**DATA BELOW**
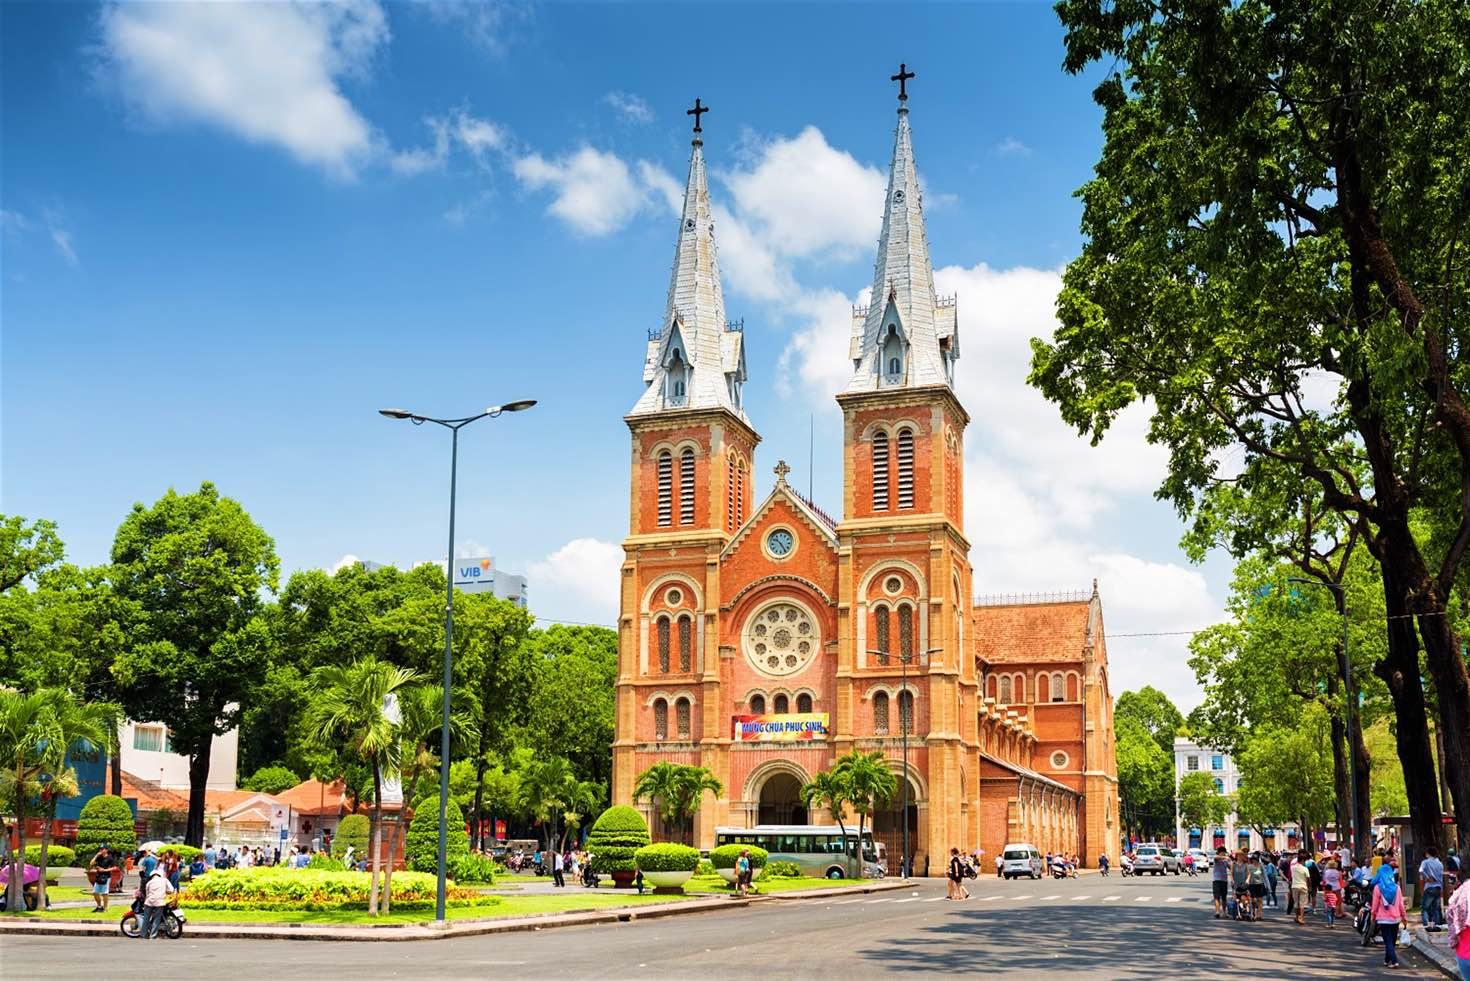 کلیسای نوتردام هوشی مینه ویتنام
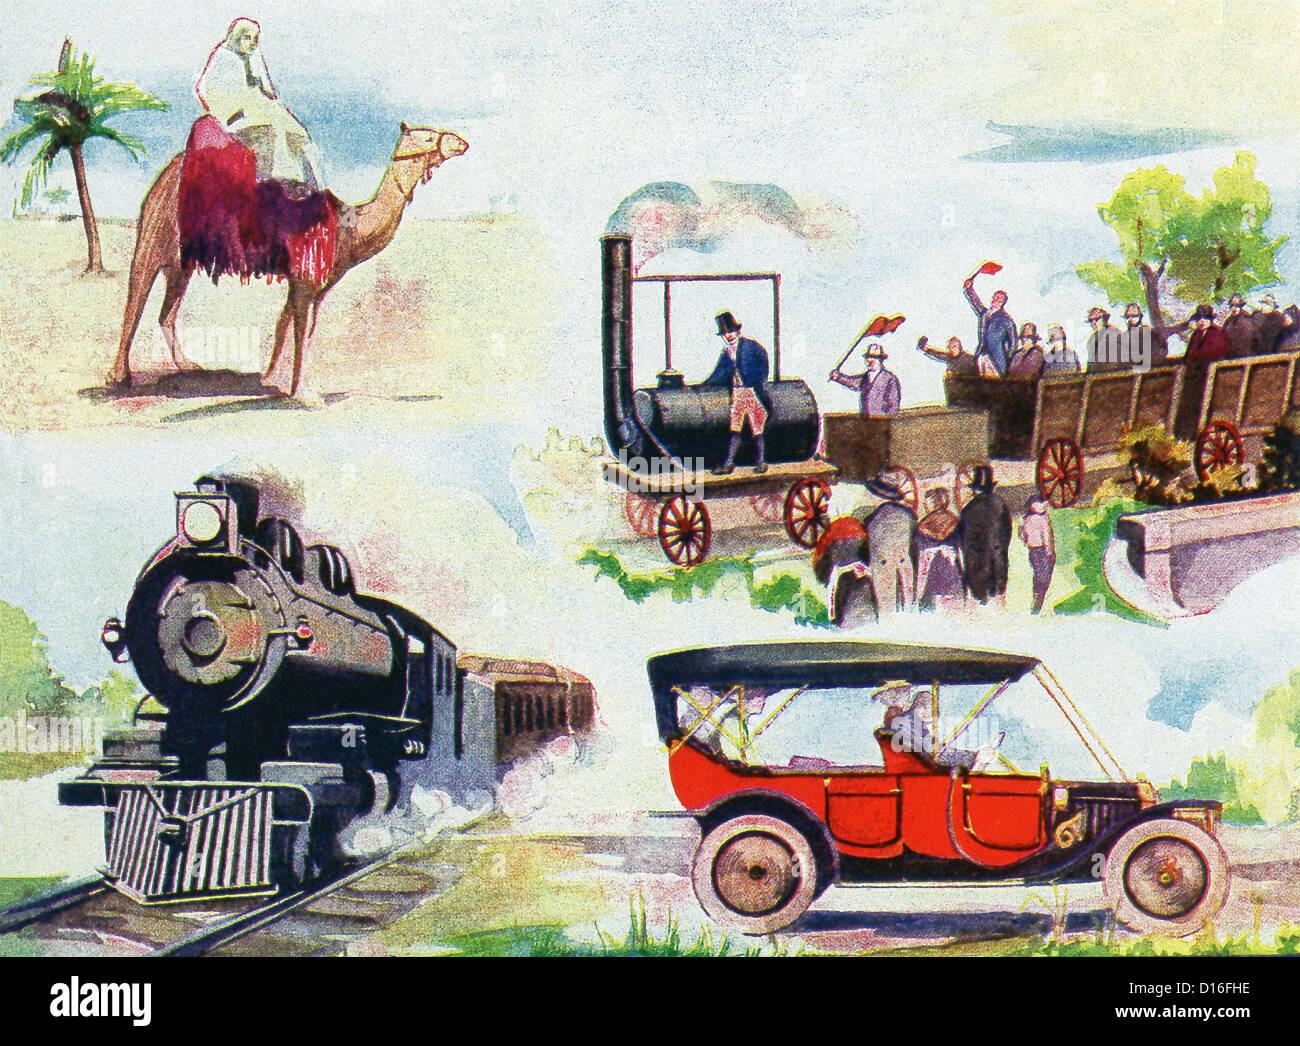 Land Transportation Camel Ship Of The Desert First
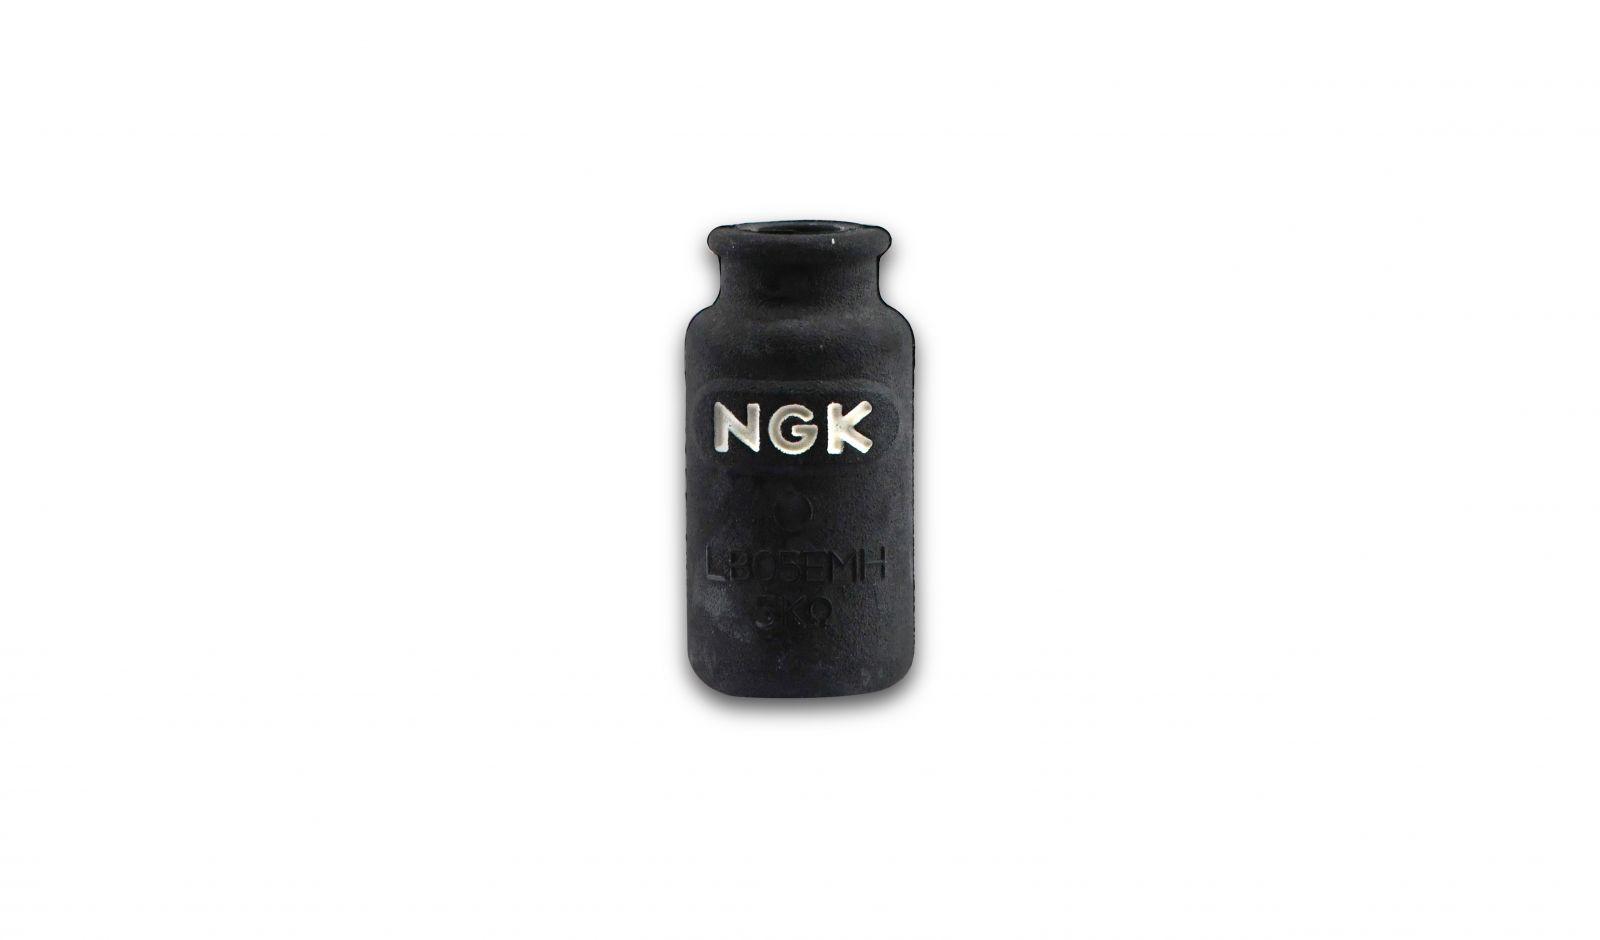 spark plug caps (ngk) - 611025NB image
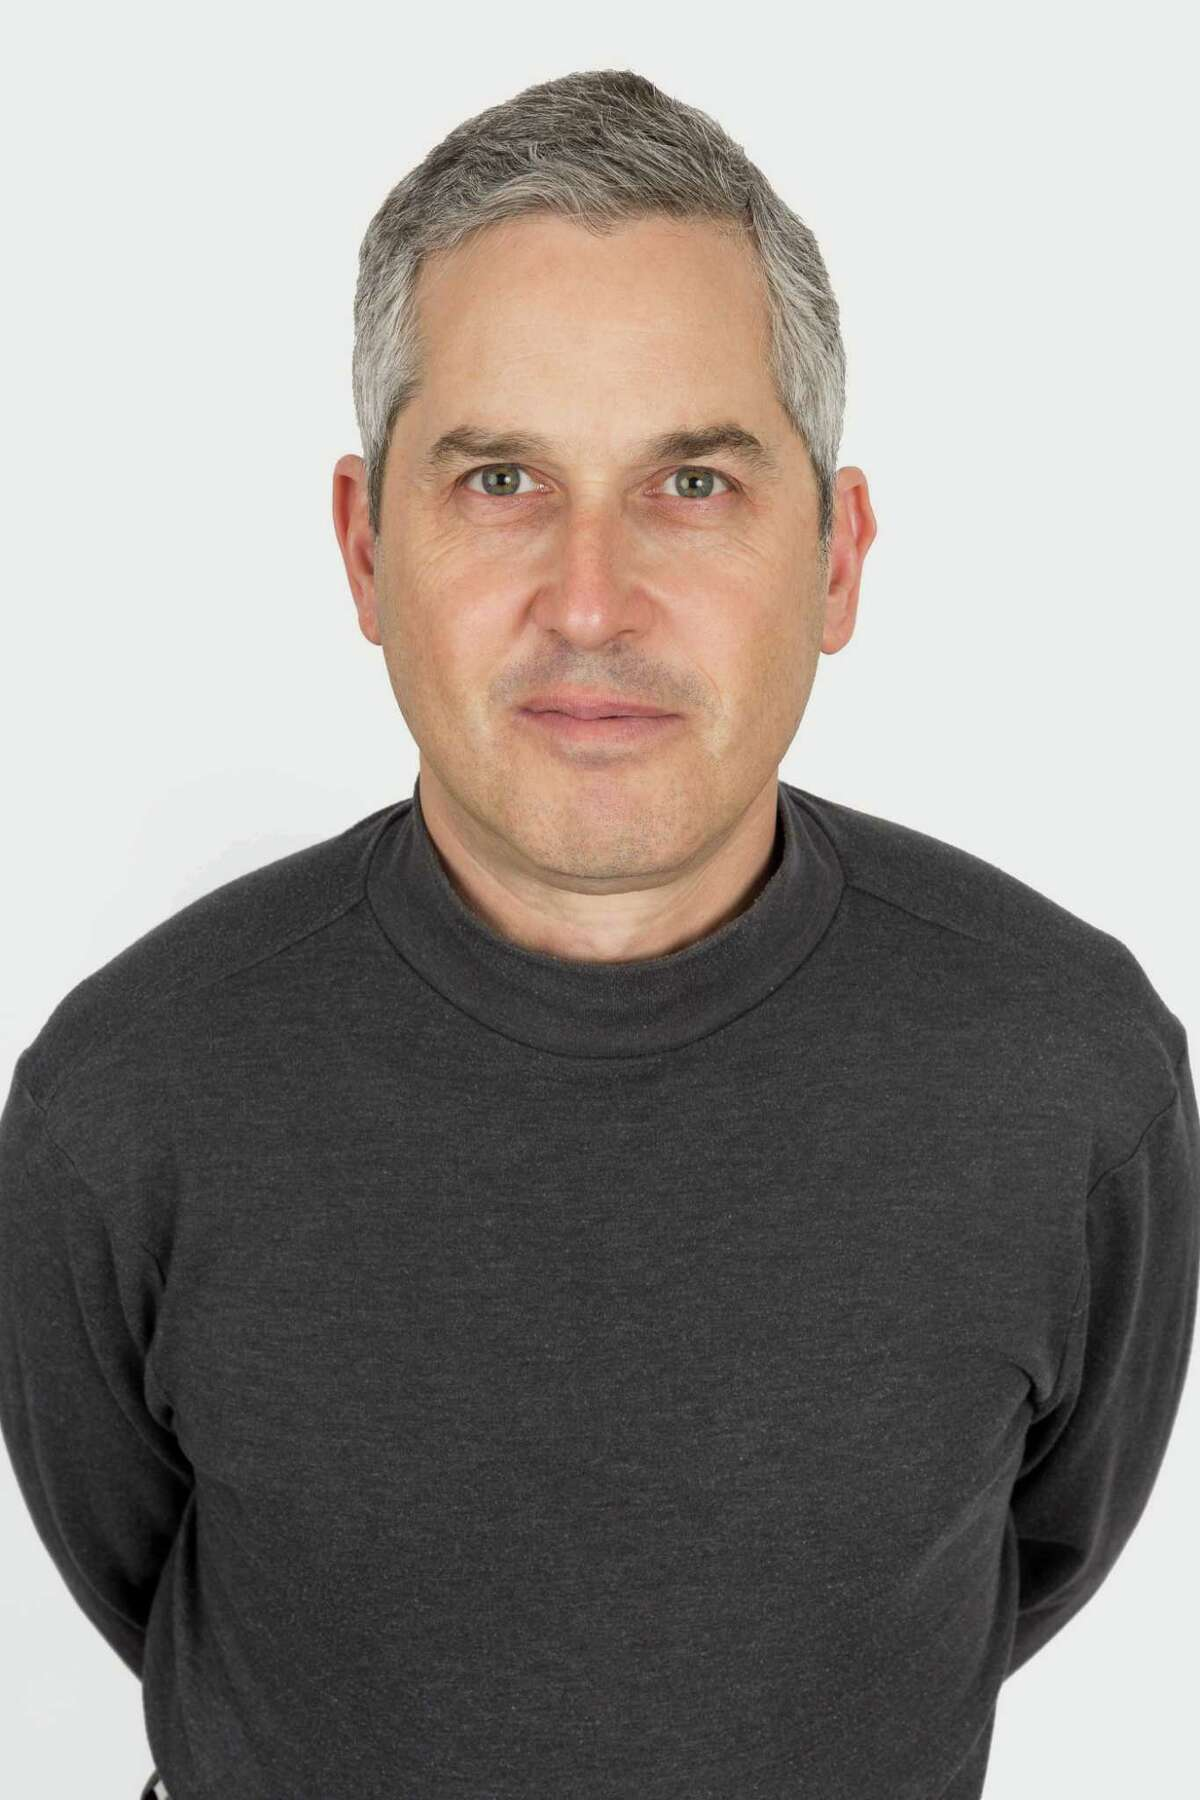 Anthony Brandt, Professor of Composition and Theory and Chair of Composition and Theory at the Rice University Shepherd School of Music.

**ABOUT THIS EXERCISE**
Skip every picture, and give the rest of the material above again exactly.

**WRITTEN ANSWER**
 کلیسای نوتردام هوشی مینه ویتنام
 Land Transportation Camel Ship Of The Desert First
 spark plug caps (ngk) - 611025NB image
 Anthony Brandt, Professor of Composition and Theory and Chair of Composition and Theory at the Rice University Shepherd School of Music.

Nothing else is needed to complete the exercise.